Apple rust mite numbers are climbing in several blocks. European red mite and twospotted spider mite numbers have generally been dropping back over the past two weeks. Brown marmorated stink bug trap catch has been seen this week at one trapping location in the Flint, Michigan, area. Michigan State University Extension advises growers be on the lookout for them throughout harvest. Beneficial numbers are building; this week I am seeing good numbers of minute pirate bugs, lacewing larvae and velvet mites.

Black rot symptoms are being seen on more fruit and leaves as well. Sooty blotch and flyspeck disease symptoms have not been seen, but I expect to see them this week.

Pears remain mostly 2.25 to 2.5 inches in diameter. Bartlett harvest is expected to begin later this week. Fruit size has been reduced due to the drought. Pear psylla numbers are high on suckers in untreated blocks.

Peach harvest is wrapping up for the main season varieties at most farms. Smaller fruit size was normal at most farms, mainly due to drought. I have not seen any brown rot symptoms, but growers who received a good amount of rain over the past two weeks may consider a brown rot fungicide application on the end of the season varieties.

Sweet cherry and tart cherry leaf drop has slowed now that we have received good rainfall. Most of the leaf drop was from drought and, to a lesser extent, from cherry leaf spot symptoms. Some sweet cherry blocks continue to have high numbers of twospotted spider mites; they are bronzing leaves.

Plums are coloring for European types, with fruit size improving to mostly 1.5 inches in diameter. They continue to color well. Japanese plum varieties are mostly harvested.

Small fruits

Grape fruit growth has taken off again in the past week; it was amazing to see so much berry and cane growth now that we have received rainfall. Concord fruit are continuing veraison and clusters of European varieties are just starting veraison. Growers should keep a close eye out for powdery mildew and downy mildew symptoms soon.

Strawberry leaves filled the row in renovated fields, and in new plantings the runners have more than filled the row, and some growers are now cutting runners. Potato leafhopper populations are building, especially in new plantings. Growers should watch for curled leaves, although this symptom can be somewhat confusing as the same symptoms can be seen with drought stress. Some weeds are also coming on strong as a result of recent rainfall; some hand-pulling is needed at this time.

Raspberry harvest continues in fall red raspberries. Berry size is starting to improve. Blackberry harvest is continuing at most farms. Growers are pruning fruiting or floricanes canes in summer red and black raspberries, and cane tipping is continuing in black raspberry and blackberries.

Spotted wing Drosophila (SWD) trap catch is very high in fall raspberries, with another big jump across the region. More farms have seen small SWD larvae in fruit and have stopped harvest for a few weeks while they bring populations under control. Growers should protect all bramble crops on a weekly basis for SWD infestation. For more details on the SWD life cycle, control strategies and specific insecticide recommendations, consult the MSU Spotted Wing Drosophila website.

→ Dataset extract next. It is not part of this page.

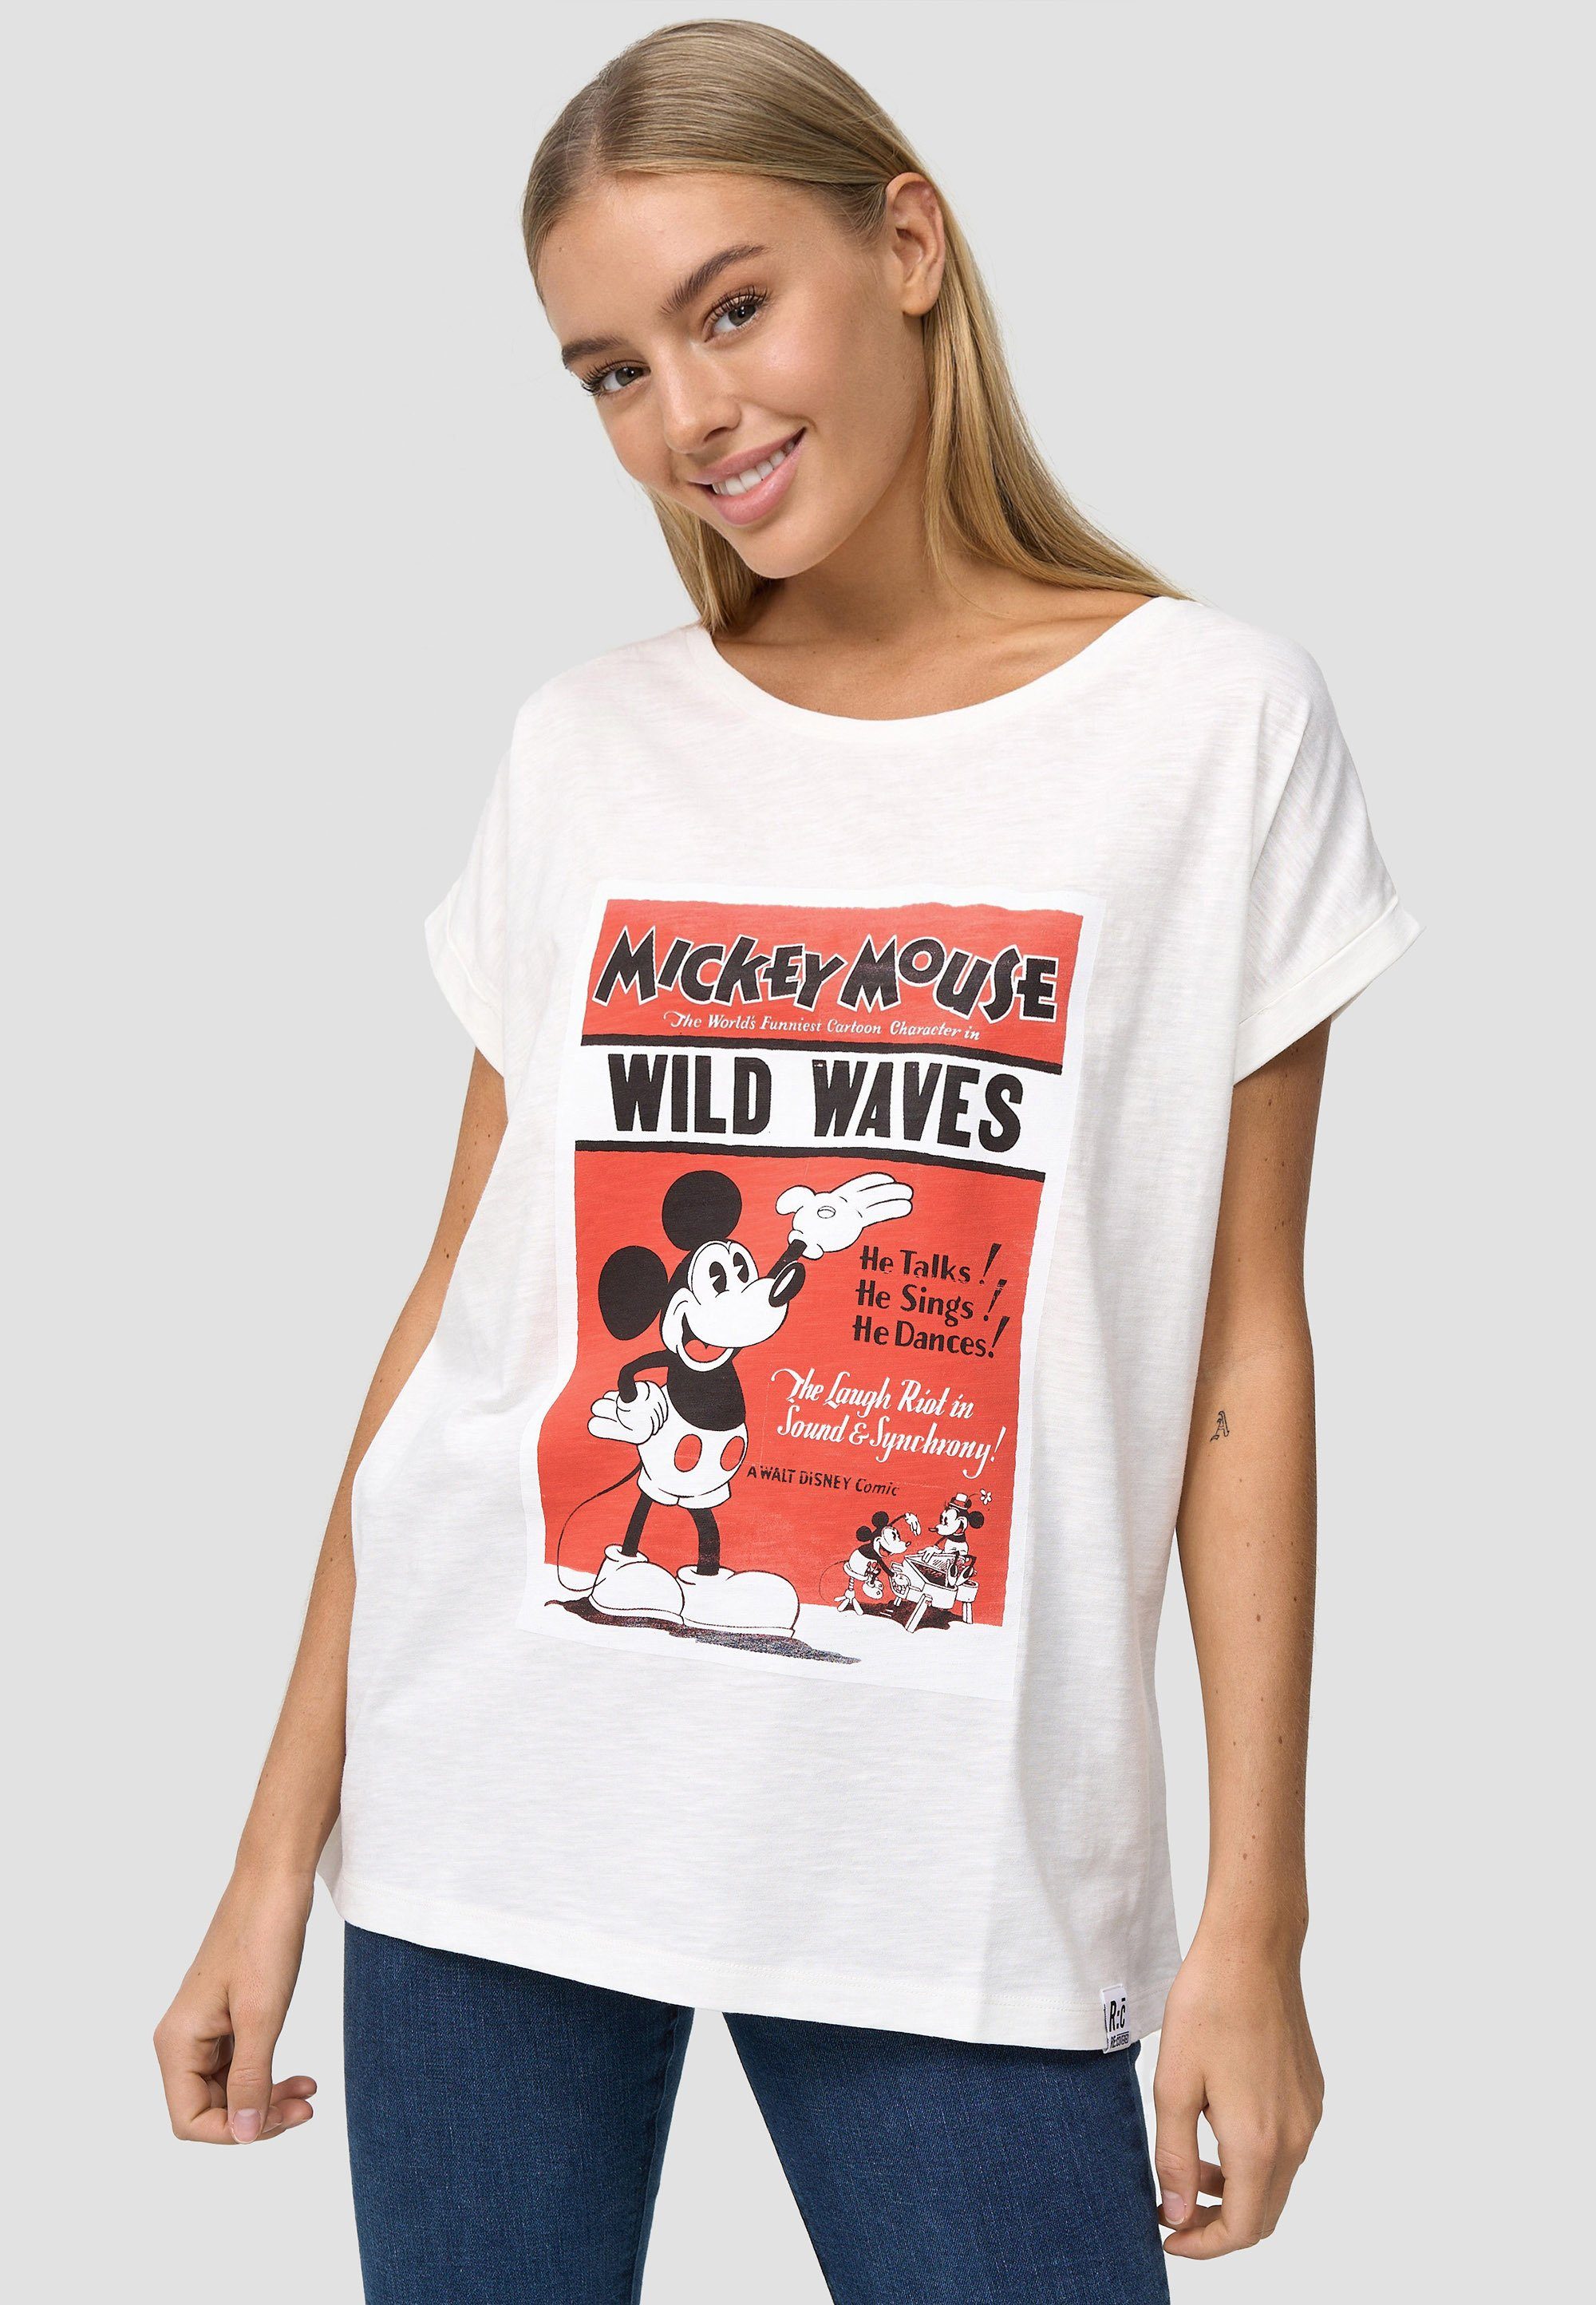 T-Shirt Bio-Baumwolle GOTS zertifizierte Waves Mickey Mouse Wild Recovered

Blueberry harvest is winding down at most farms. Small berry size is a problem at most farms, mainly due to drought. As in the case of raspberries, this week’s trap catch of SWD in blueberries has taken another big jump across the region. Growers should protect blueberries for SWD infestation. For more details on SWD life cycle, control strategies and specific insecticide recommendations, consult the MSU Spotted Wing Drosophila website.